Why do exchange rates matter?
People from all walks of life are reliant on currency, from Private individual’s buying a property overseas, to companies paying invoices in a foreign currency. Market fluctuations can therefore have a huge impact on the cost. When deciding the best time to exchange currency, it’s important to understand what can affect the rate.
What data and information can impact exchange rates?
Every day, we see a constant flow of economic data. This has a significant impact on exchange rates, both positively and negatively. This can also affect how central banks view monetary policy and interest rates.

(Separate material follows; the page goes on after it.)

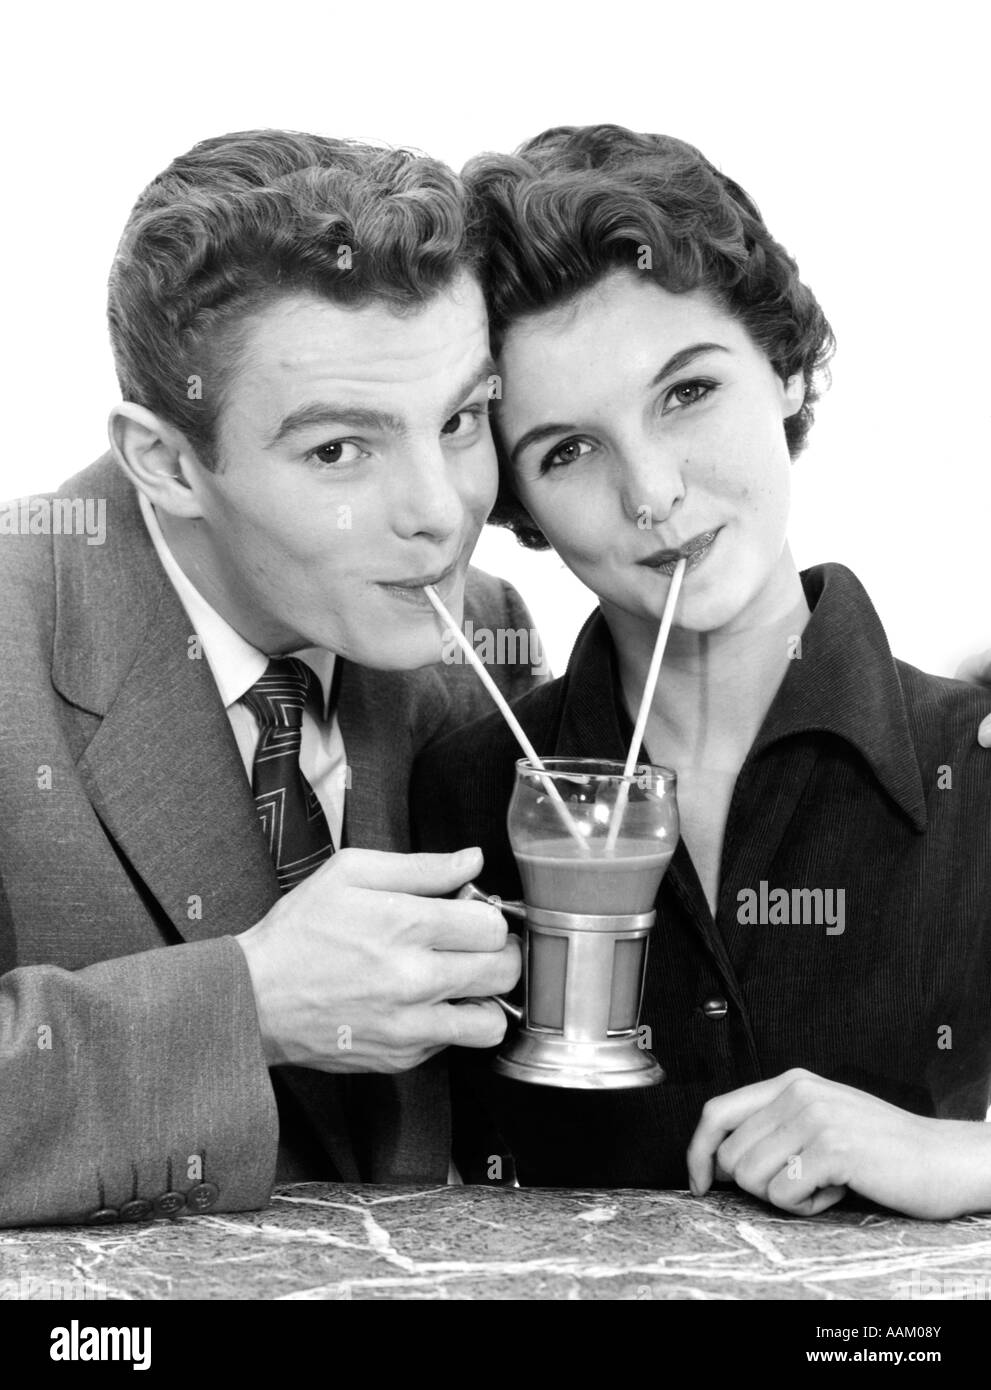 Milkshake with straws Black and White Stock Photos & Images - Alamy
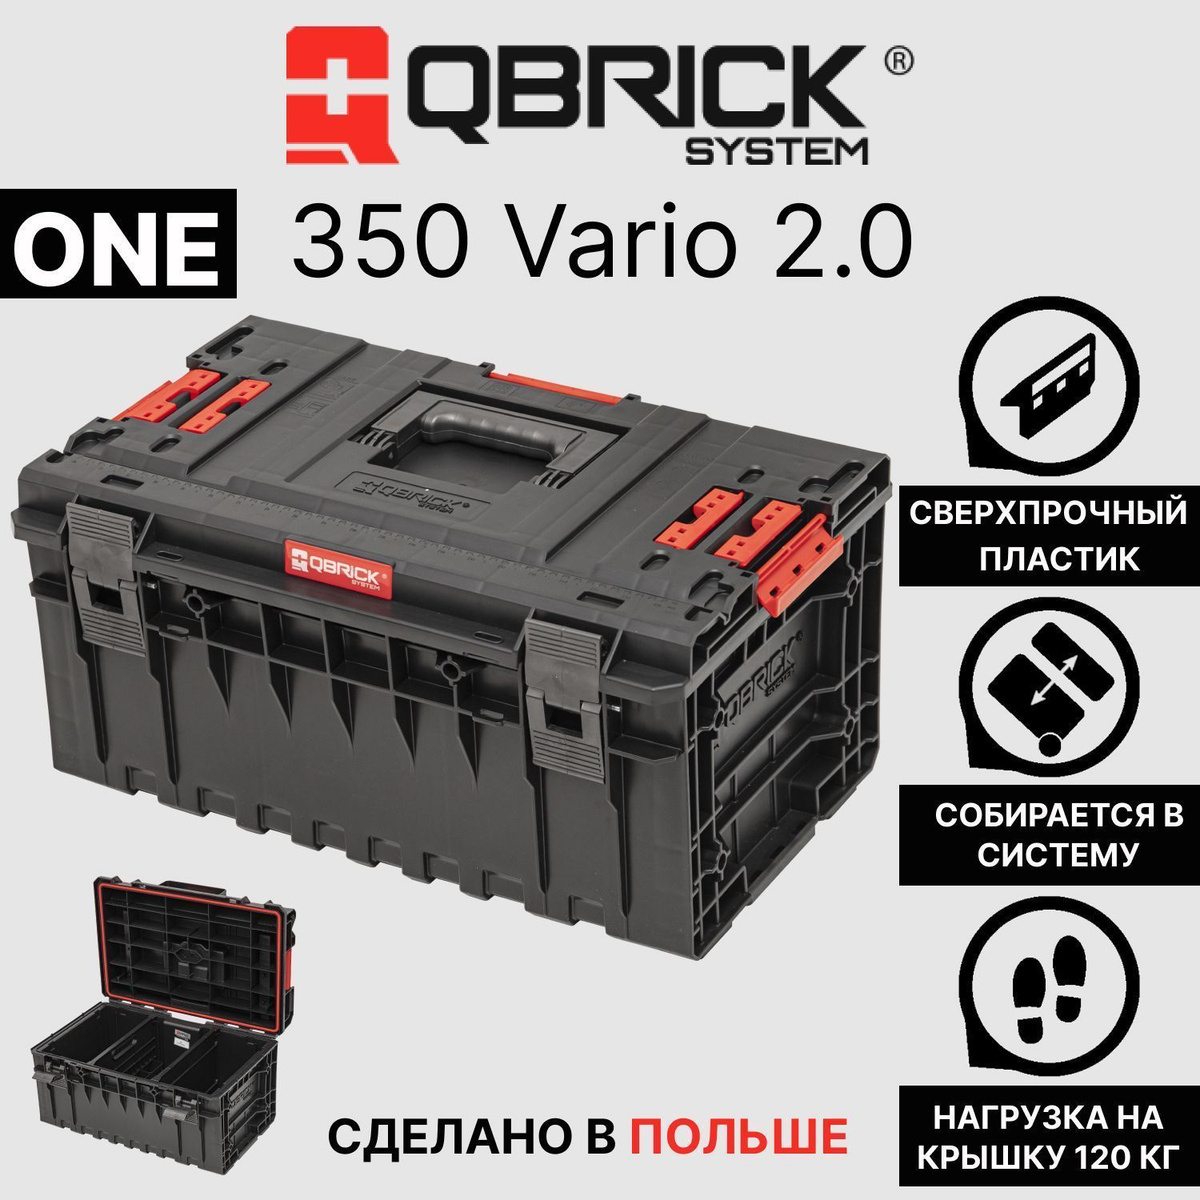 Qbrick System ONE 350 Vario 2.0

Interest rate volatility is one of the main catalysts for an exchange rate movement. (Generally if an interest rate rises, or there is speculation for an imminent rate rise, then there is an increase of demand for that currency and the value increases. The same is seen if the situation is reversed.)
It’s not just economics however, as many other factors can impact exchange rates. For example, a country’s political status has a significant impact on the value of their respective currency. During times of political instability, e.g. during an election or referendum, you will often see significant volatility for the currency of the country involved. A case in point is the recent value of Sterling that has largely been driven by the result of the EU referendum.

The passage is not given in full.